Exercise brief:
Transcribe word for word each line from the one containing "Sad Love Shayari" to the final line of the data, both included. Skip the pictures.
#### Data section ####
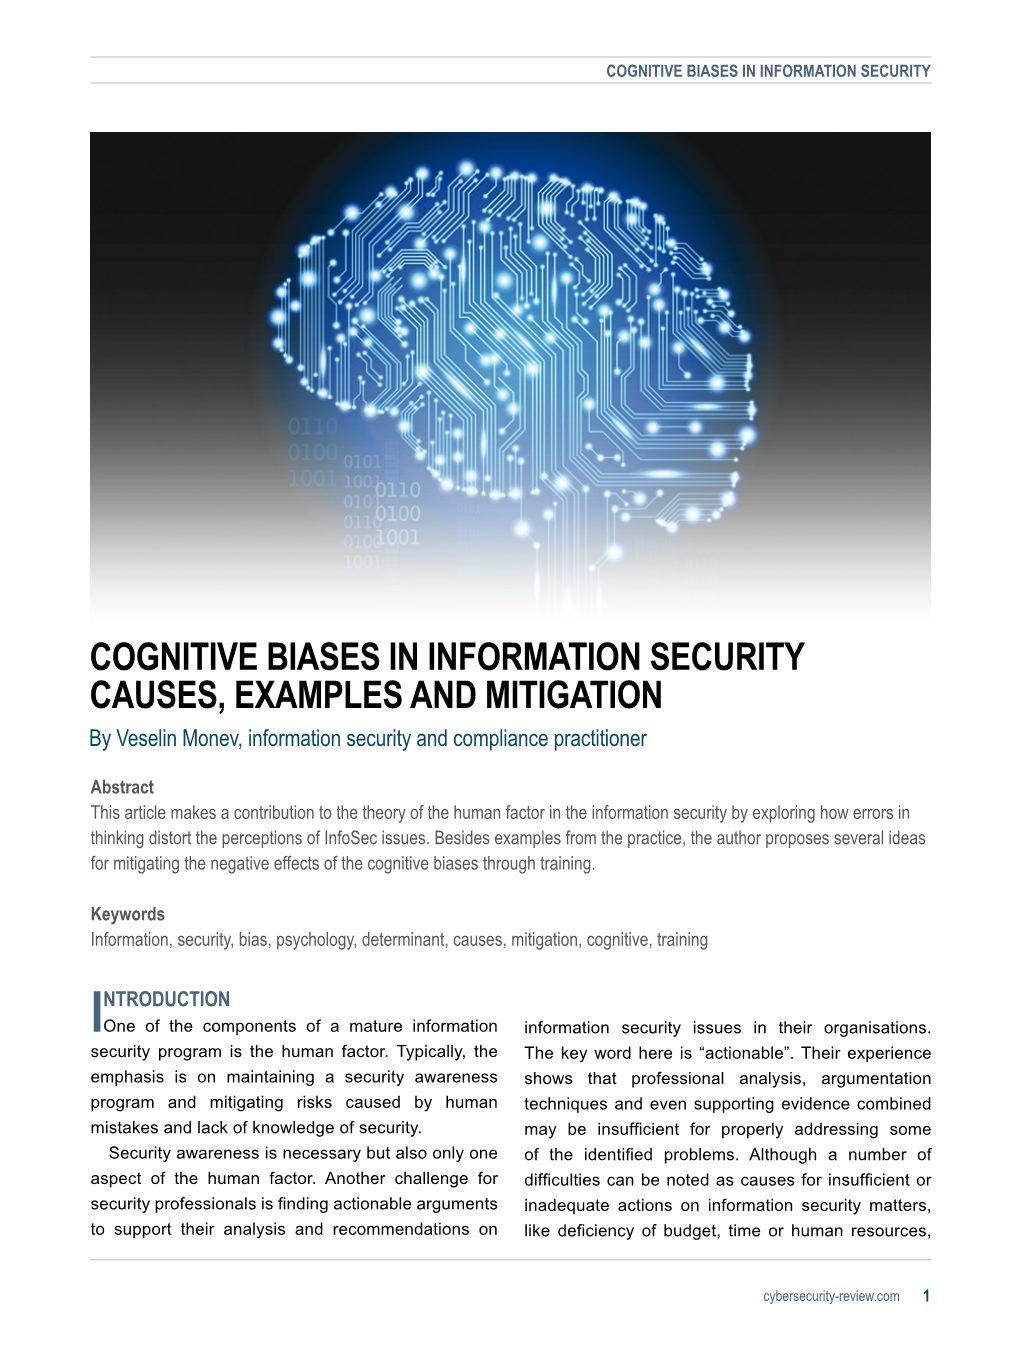 COGNITIVE BIASES in INFORMATION SECURITY CAUSES, EXAMPLES and MITIGATION by Veselin Monev, Information Security and Compliance Practitioner
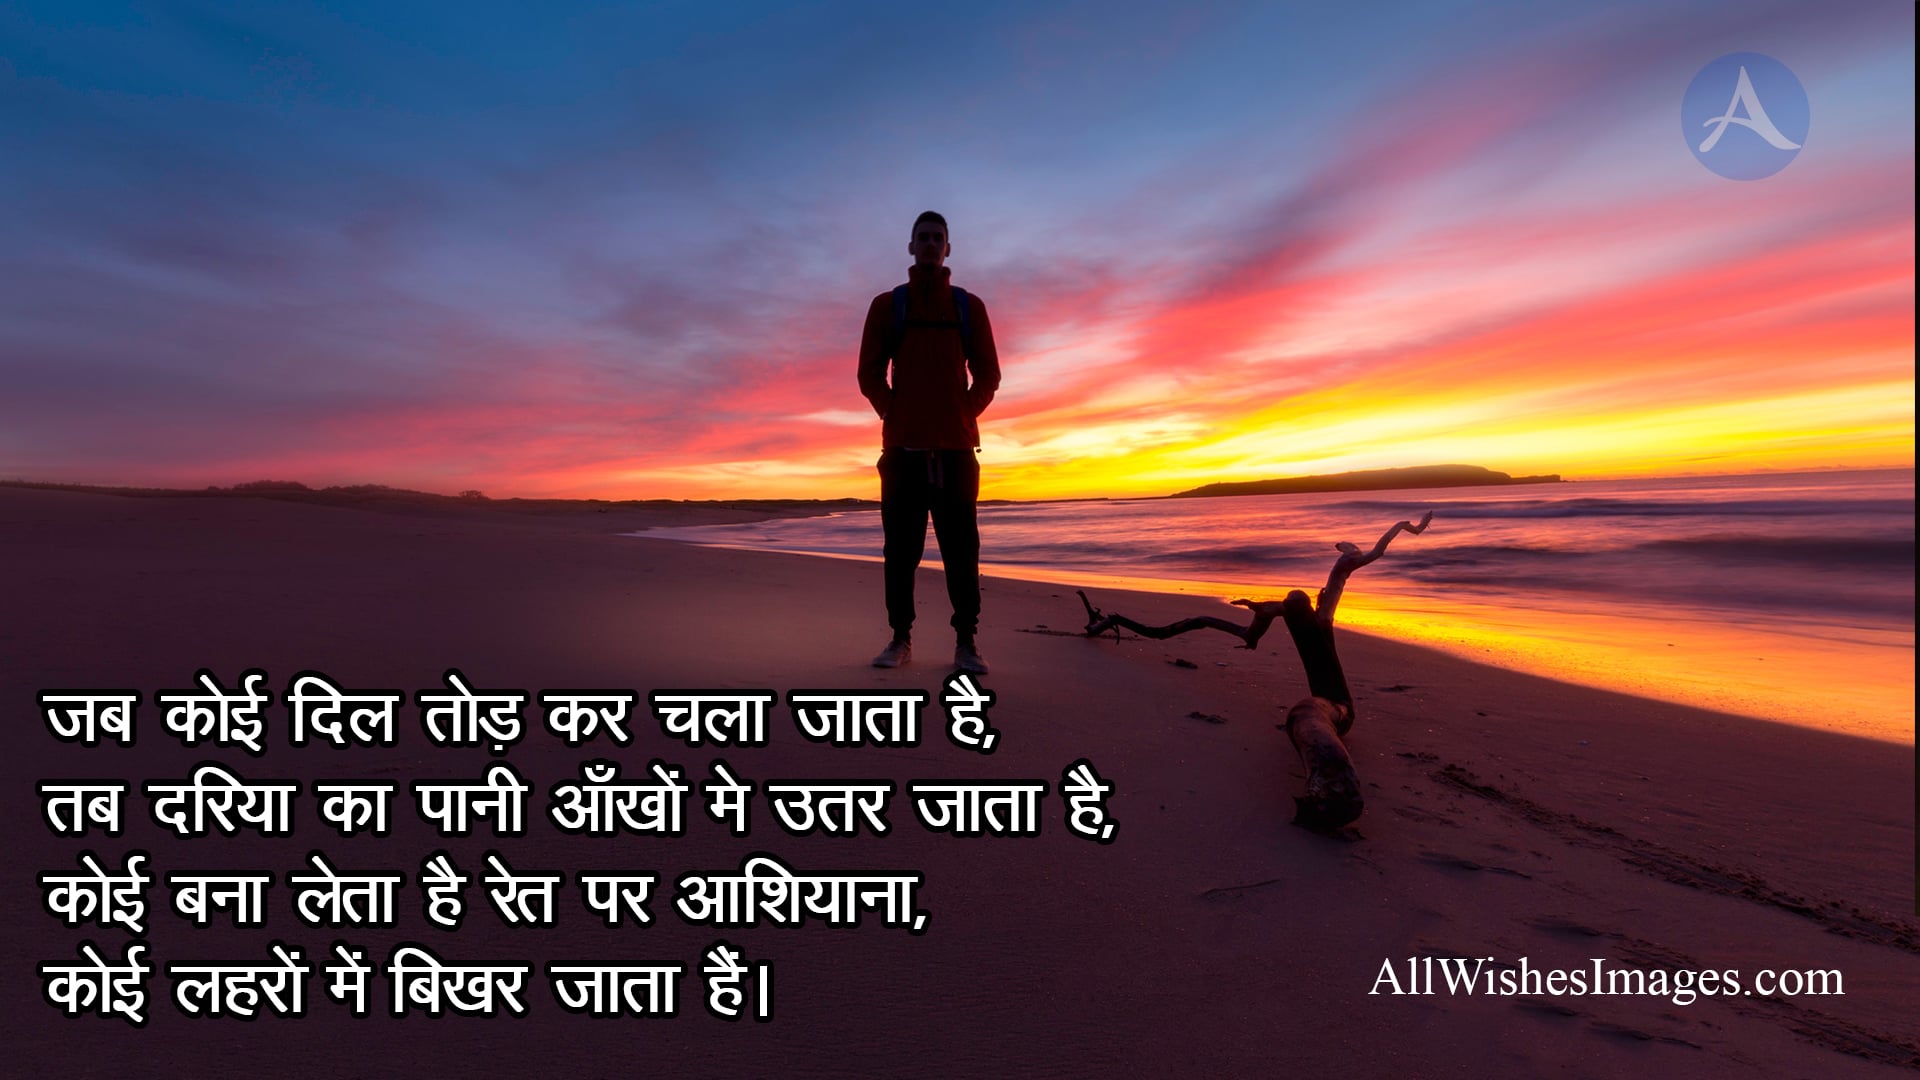 Sad Love Shayari - All Wishes Images - Images for WhatsApp
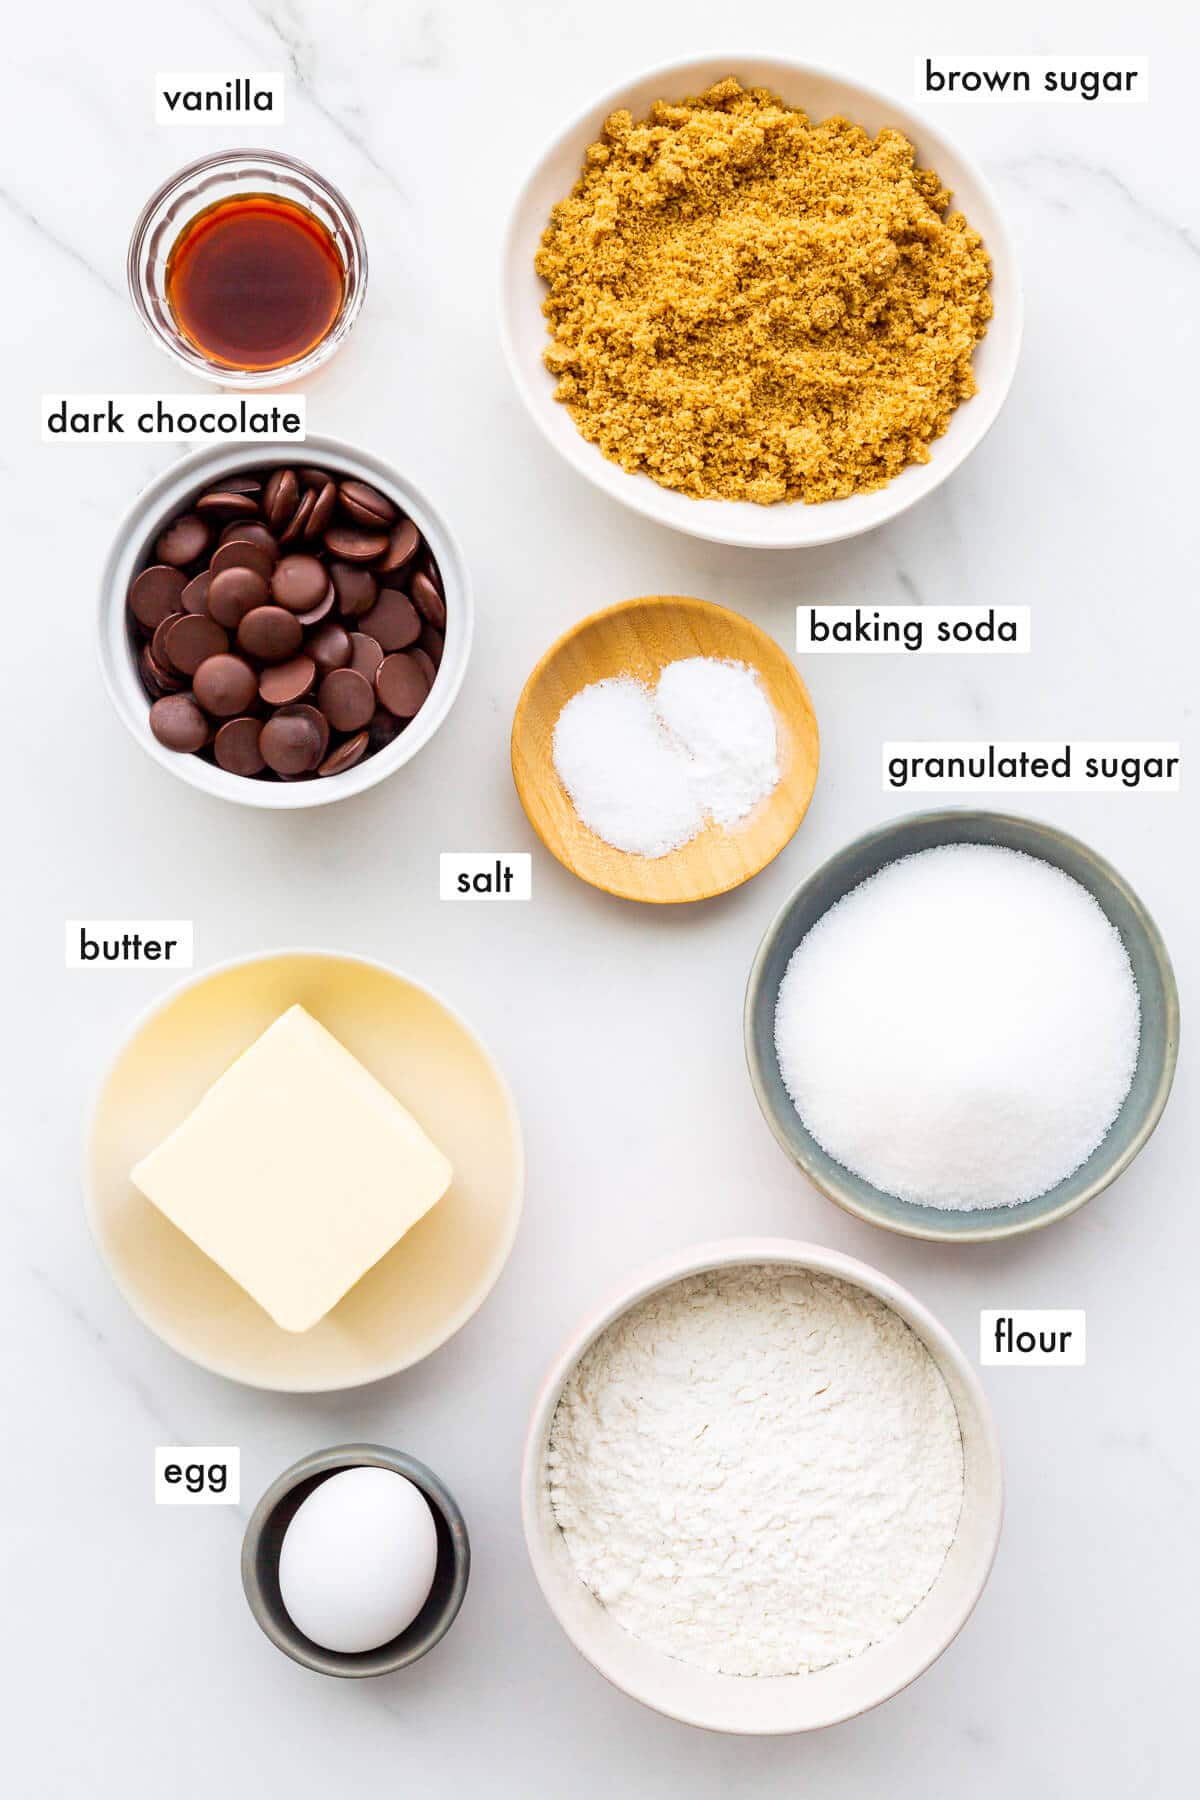 Ingredients to make chocolate chip cookies measured into bowls and ready to bake.
####
Completed task:
 Sad Love Shayari - All Wishes Images - Images for WhatsApp
 Ingredients to make chocolate chip cookies measured into bowls and ready to bake.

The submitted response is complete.